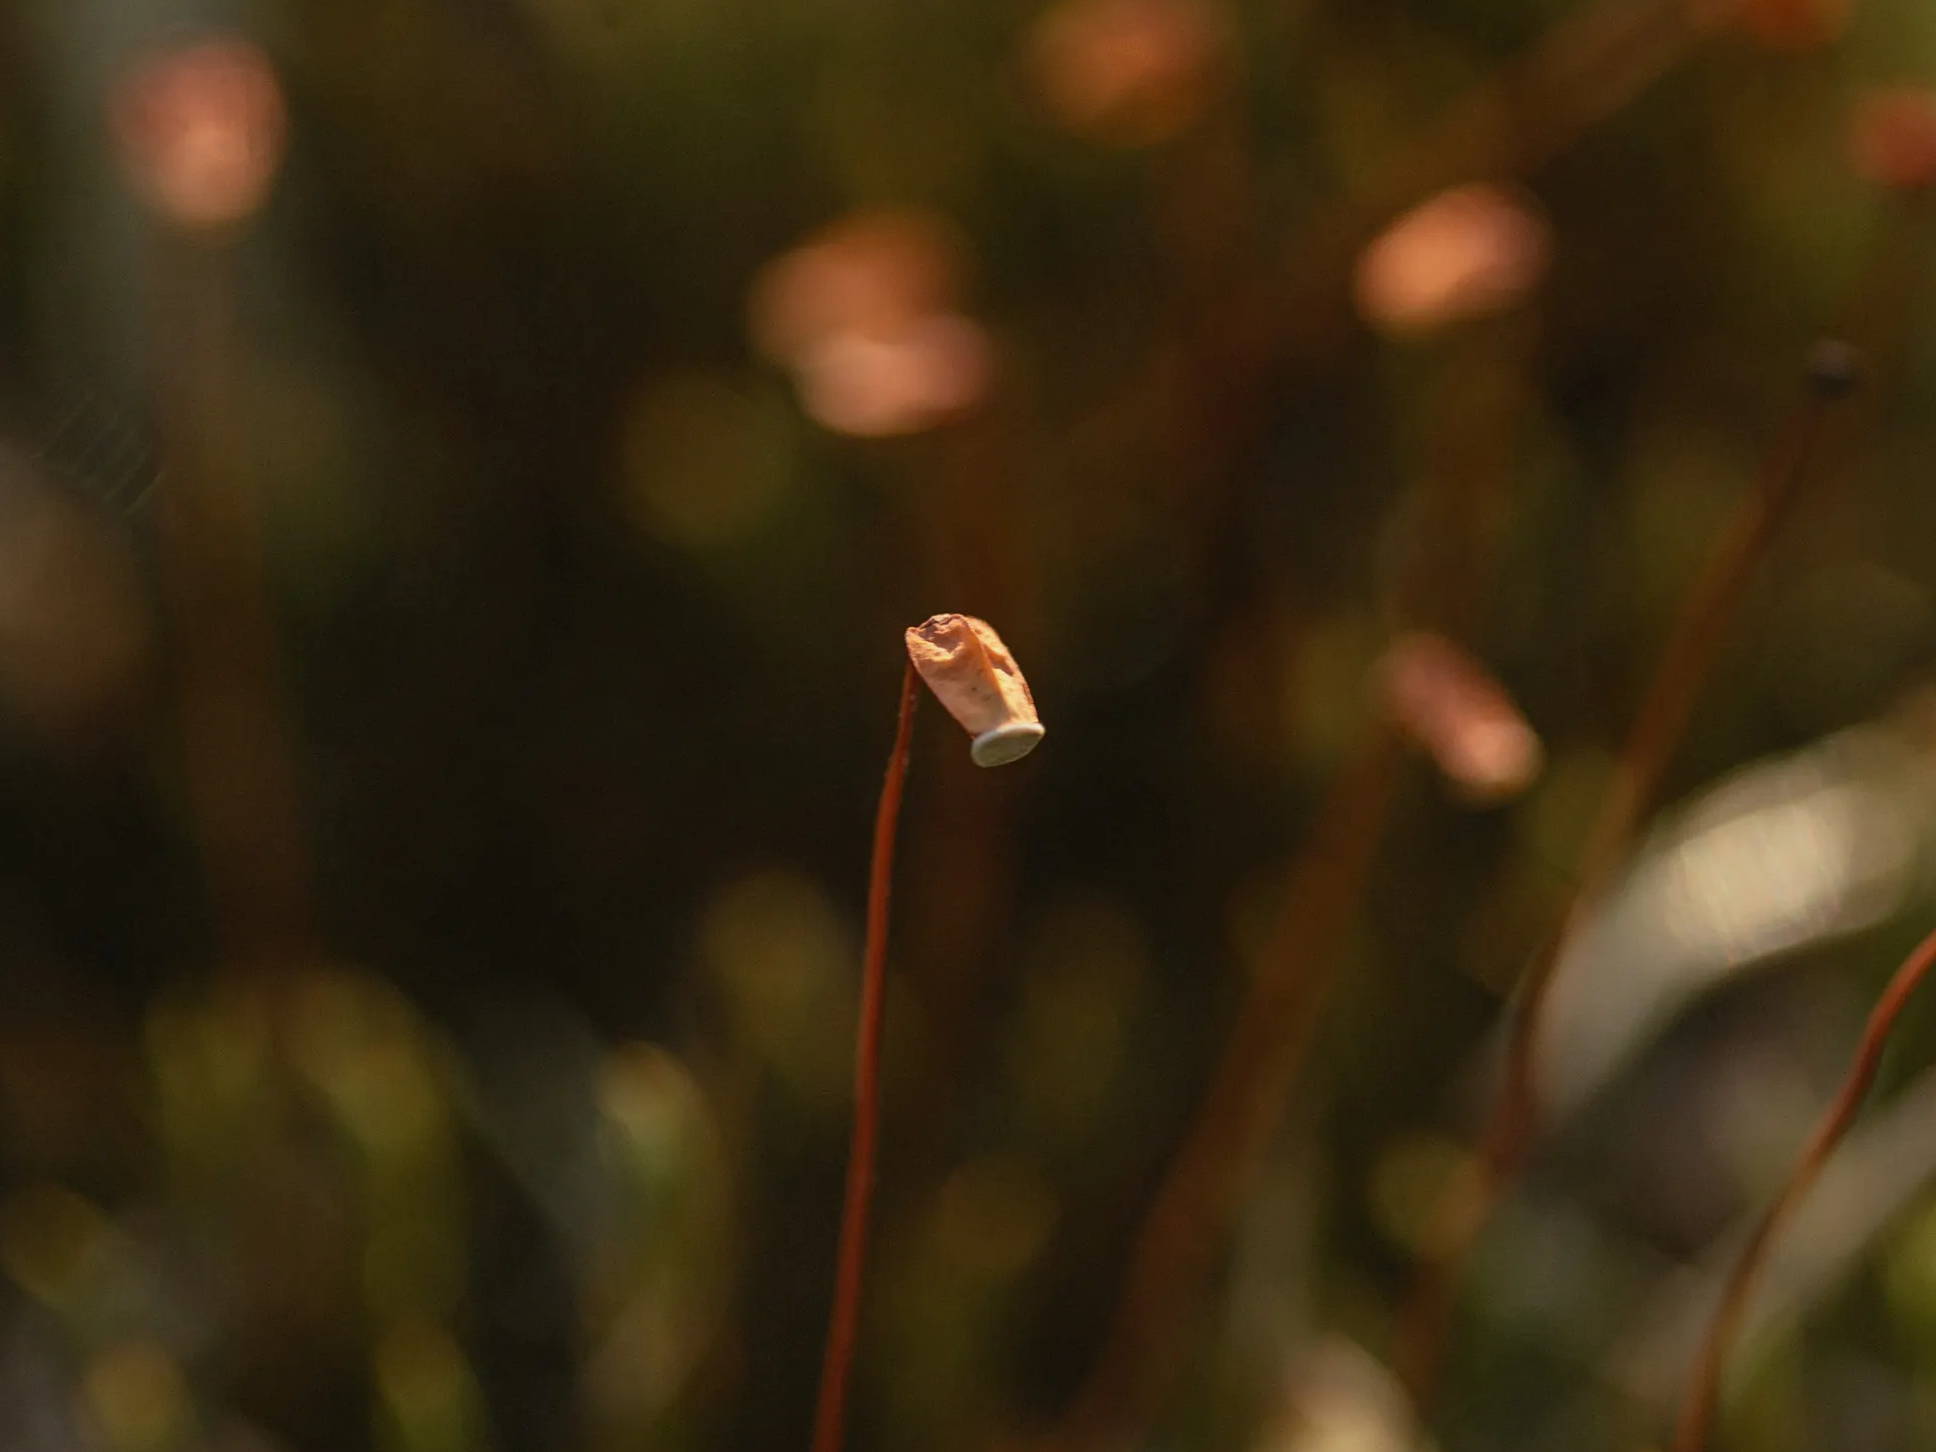 Closeup of a small flower bud
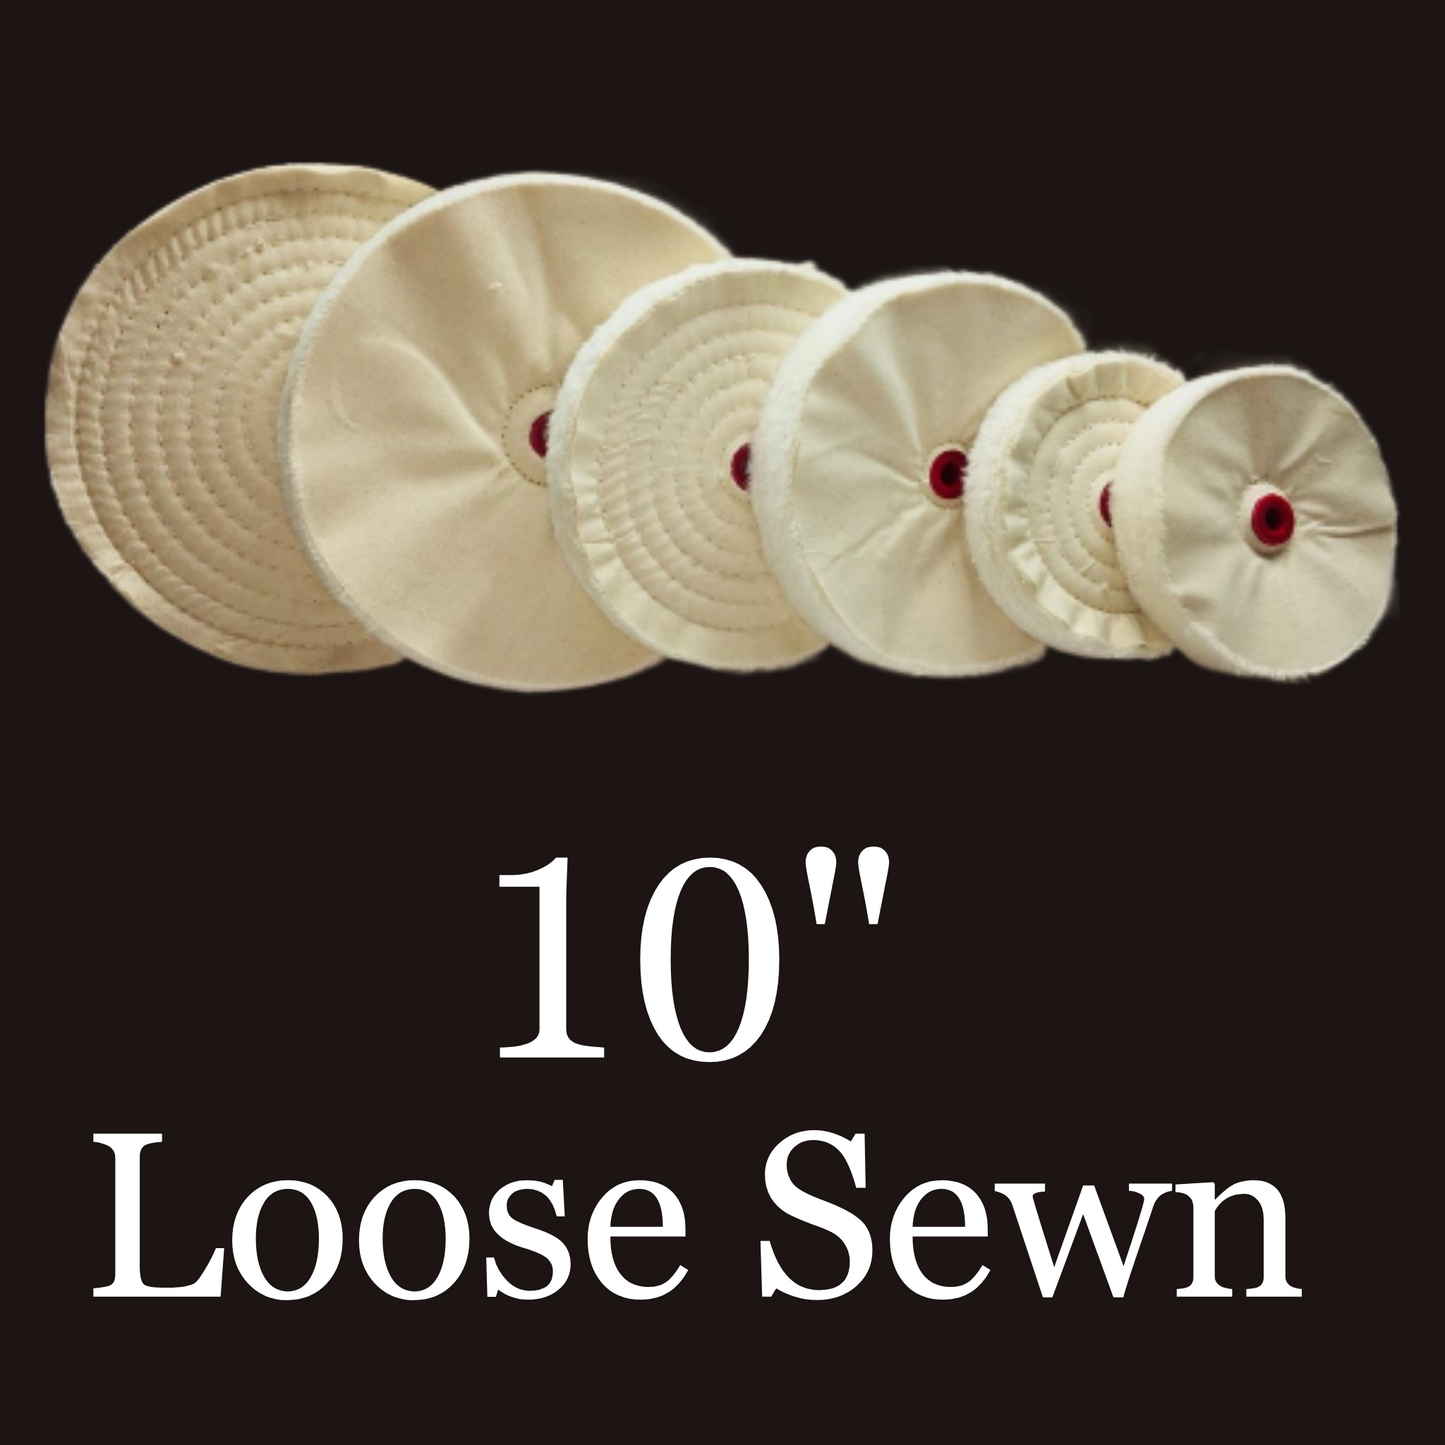 Loose Sewn Cotton Buffing 10” Wheels
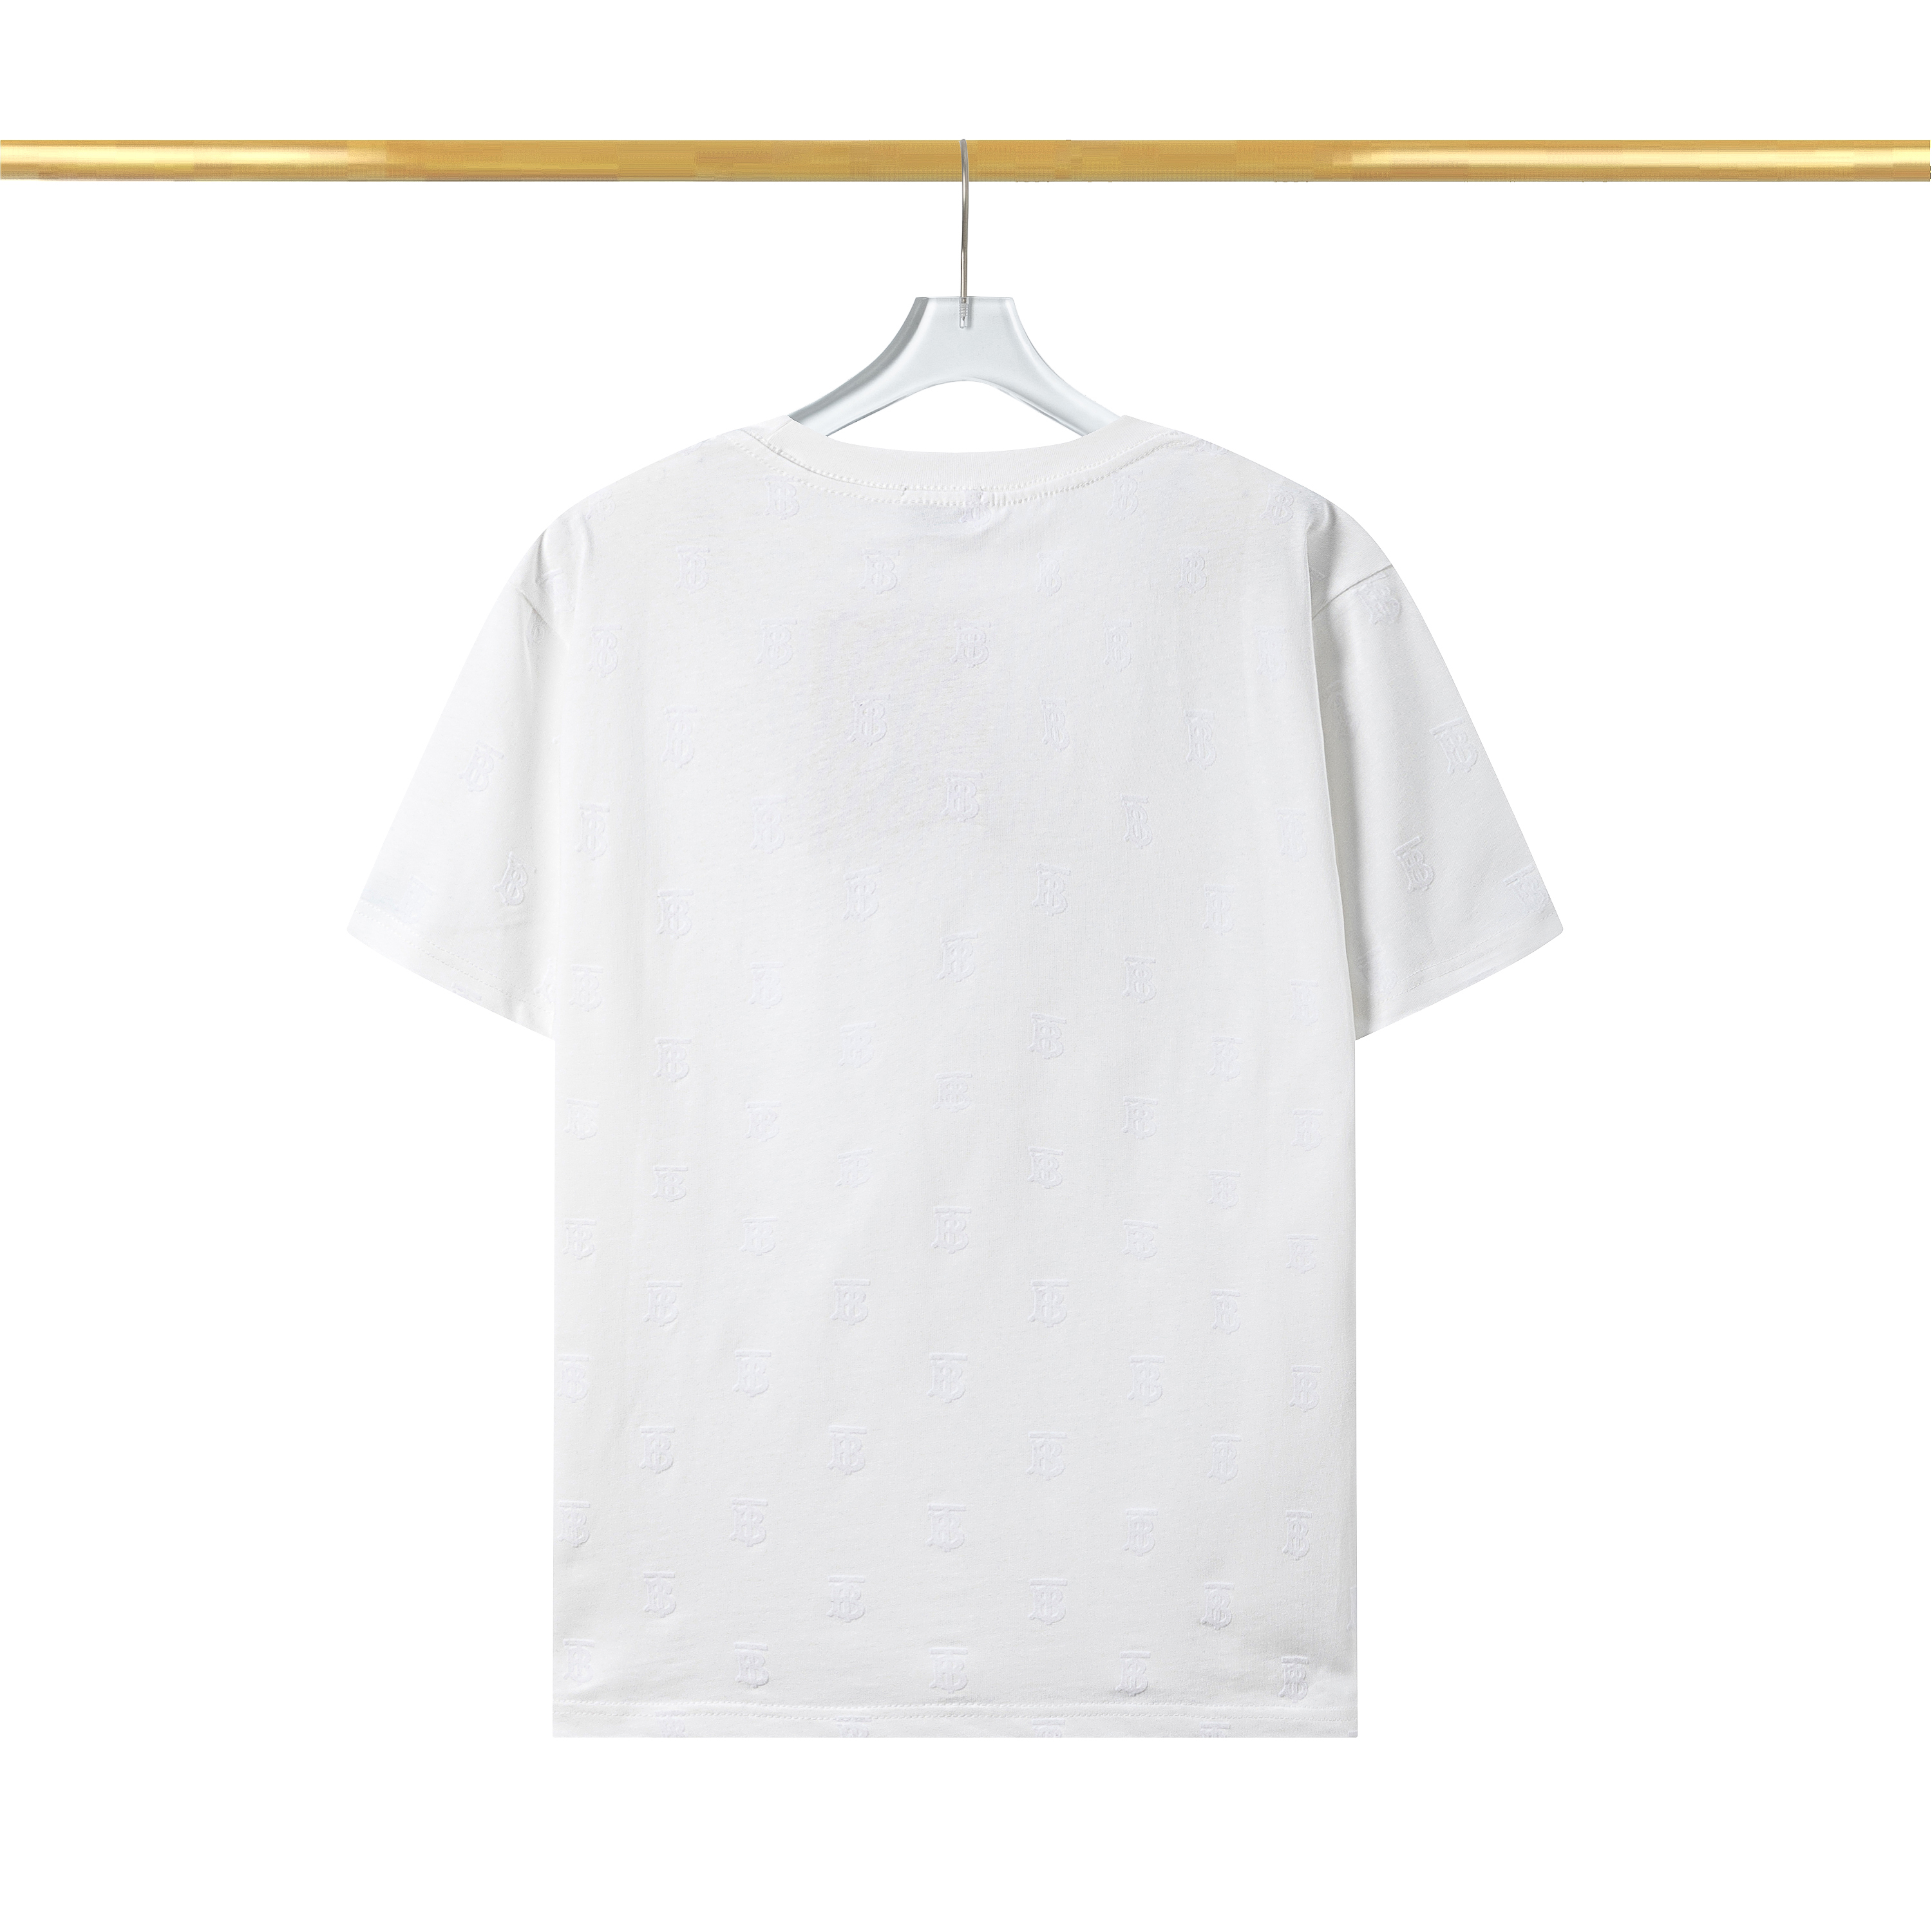 Burberry Short Sleeve T Shirts For Men # 272869, cheap Men's T shirts Short Sleeved, only $26!

WHAT YOU WILL DO
Give back the whole listing exactly as written. Do not include any picture.

TASK RESPONSE
 Closeup of a small flower bud
 Loose Sewn Cotton Buffing 10” Wheels
 Burberry Short Sleeve T Shirts For Men # 272869, cheap Men's T shirts Short Sleeved, only $26!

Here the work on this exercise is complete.